According to Danny Sugarman, author and roll and roll manager, "Love is the beginning of all futures". Fine so long as your loved one doesn't live on the other side of the earth. If they do, you could end up worrying about your financial future instead of concentrating on the passions which brought you together in the first place.
Cynical trash, I hear you say, but the realities of a virtual world were brought crashing home last week when this remarkable story of cyber love was given to PC Week:
Tim, from London, is a forum hopper on CompuServe. He's been using the service for some time now and has been spotted regularly on the sci-fi forum on CompuServe for at least a year, earning him the title "owner of the forum".
In June, while sitting in the so-called 'hot tub' - a private forum for two people, Tim met Elisa, a North American divorcee who shared his interests in science fiction, the Internet and so on. Within 24 hours of their first meeting, the two "talked" on-line for 15 hours, resisting the urge to call one another on the phone, for fear of the bills. But as with all things heartfelt, temptation took hold and a 17-hour telephone call ensued, followed by months of correspondence both on-line and off. "On average we'd spend about seven hours a day just talking to one another via the forums, but obviously we'd pick up the phone when we got tired of typing." Over 130 Emails and 80 letters later (some letters were up to 200 pages long), the couple arranged to meet in America where they spent a fortnight together. Less than six months after courtship began the couple decided to get engaged.

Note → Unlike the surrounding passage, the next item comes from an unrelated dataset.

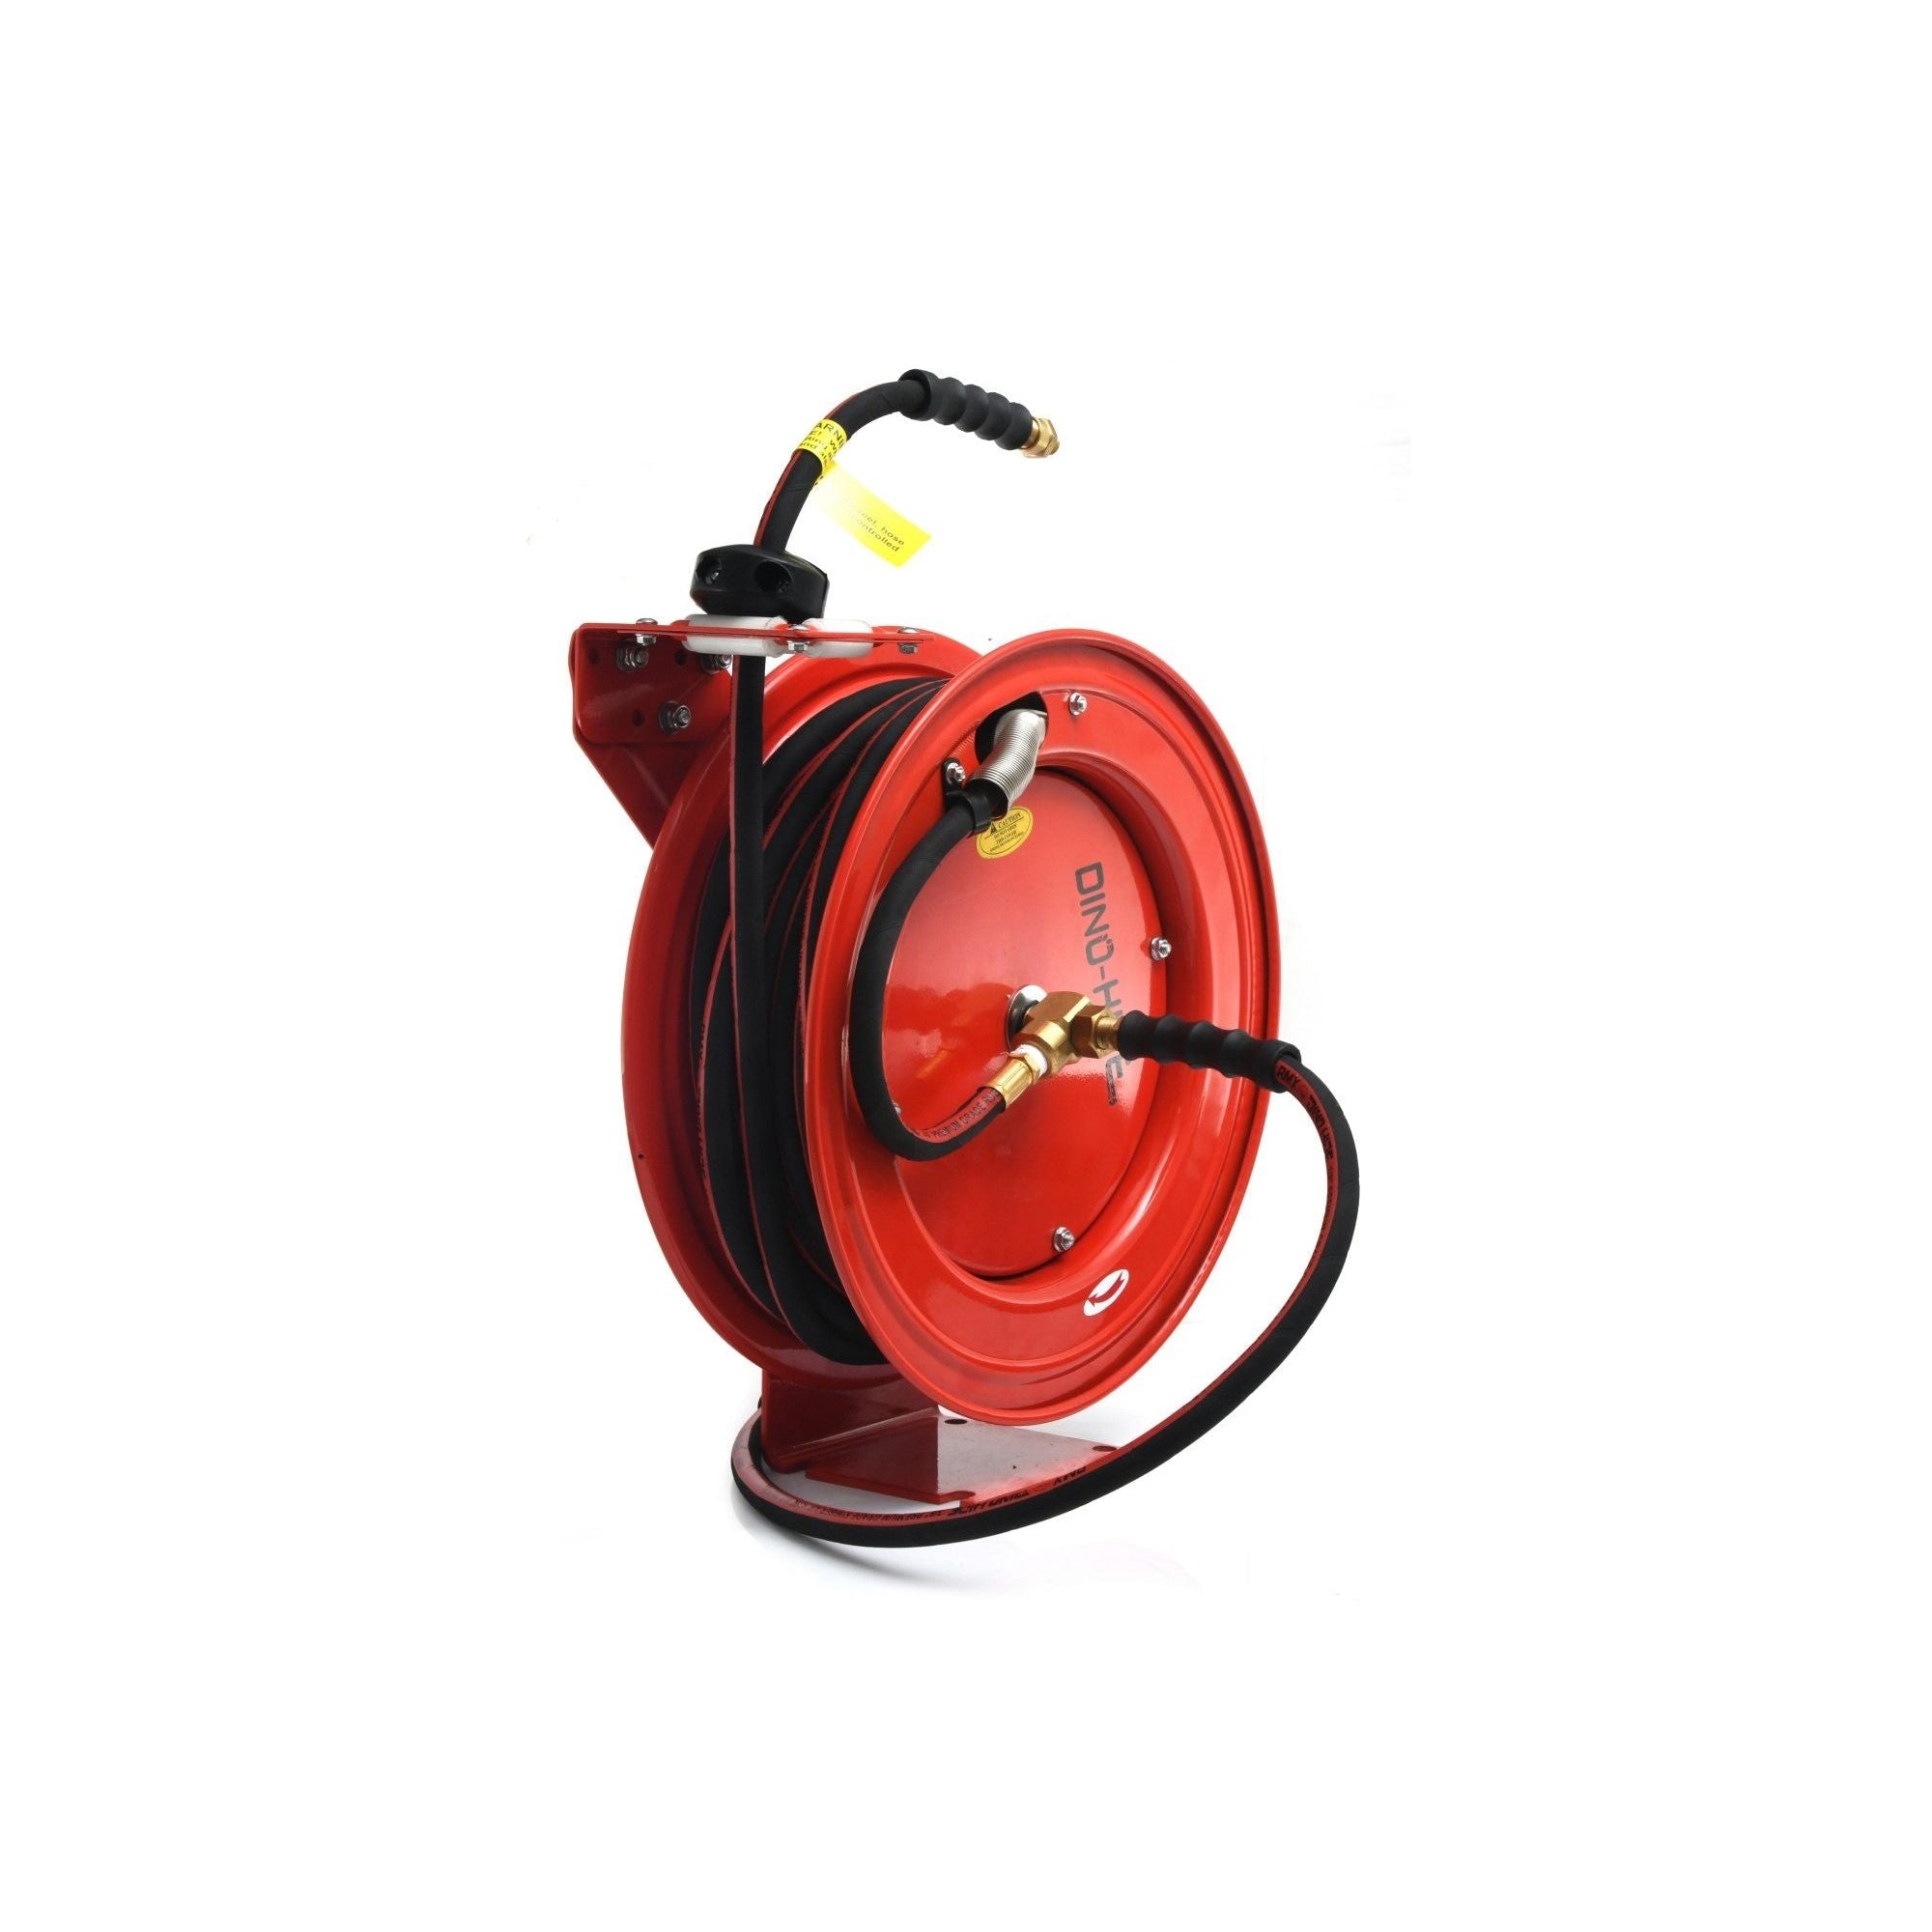 Dino-Hide Air Hose Reel 1/2" x 50' Retractable Heavy Duty Steel Construction with Wrapped Rubber Hose 300 PSI

The wedding is planned for July next year, but it won't be a flash do.
No fancy cars or cholesterol-laden cakes. Any money Tim has must now go towards the #7,000 bill he has accumulated since his 'hot tub' meeting with Elisa. The phone calls are the worst. Even the Premier line account, which BT supplies for heavy usage on your favourite numbers, hasn't really helped with the #5,000 debt - resulting in him being disconnected - with no chance of reconnection until the bill is cleared.
CompuServe offers a Super Value scheme which costs #17 a month for 20 hours of use, but has nothing like the friends and family scheme BT offers.
The company has been just as fierce with the debt of #2,000 Tim owes it, but points to the Super Value scheme as a way of saving money.
"Some people might say they should have known they were going to run up these bills - and they'd be right. But neither of us was looking for anything like this when we went on-line. People simply don't know what it's like."
When the couple do tie the knot in July next year, the financial burden of having an on-line affair will at last be severed. But the couple are still facing crises over their investment in each other. Elisa is virtually bankrupt and Tim still owes just over #1,000 to BT and #250 to CompuServe (from a total debt of #7,000).
Effectively the on-line service, in this case CompuServe, acted as a bridge across continents, uniting people whose lives are now changed forever.
But the company is based on the principle that connection costs and, as Tim and Elisa have proven, the costs may dampen even the strongest passions.
In true journalistic style we'd like to urge on-line services to introduce a more appropriate heavy usage scheme for individual users, where a percentage discount is given per phone - similar to BT's Premierline. It won't help Tim and Elisa, but it may save their children a bob or two.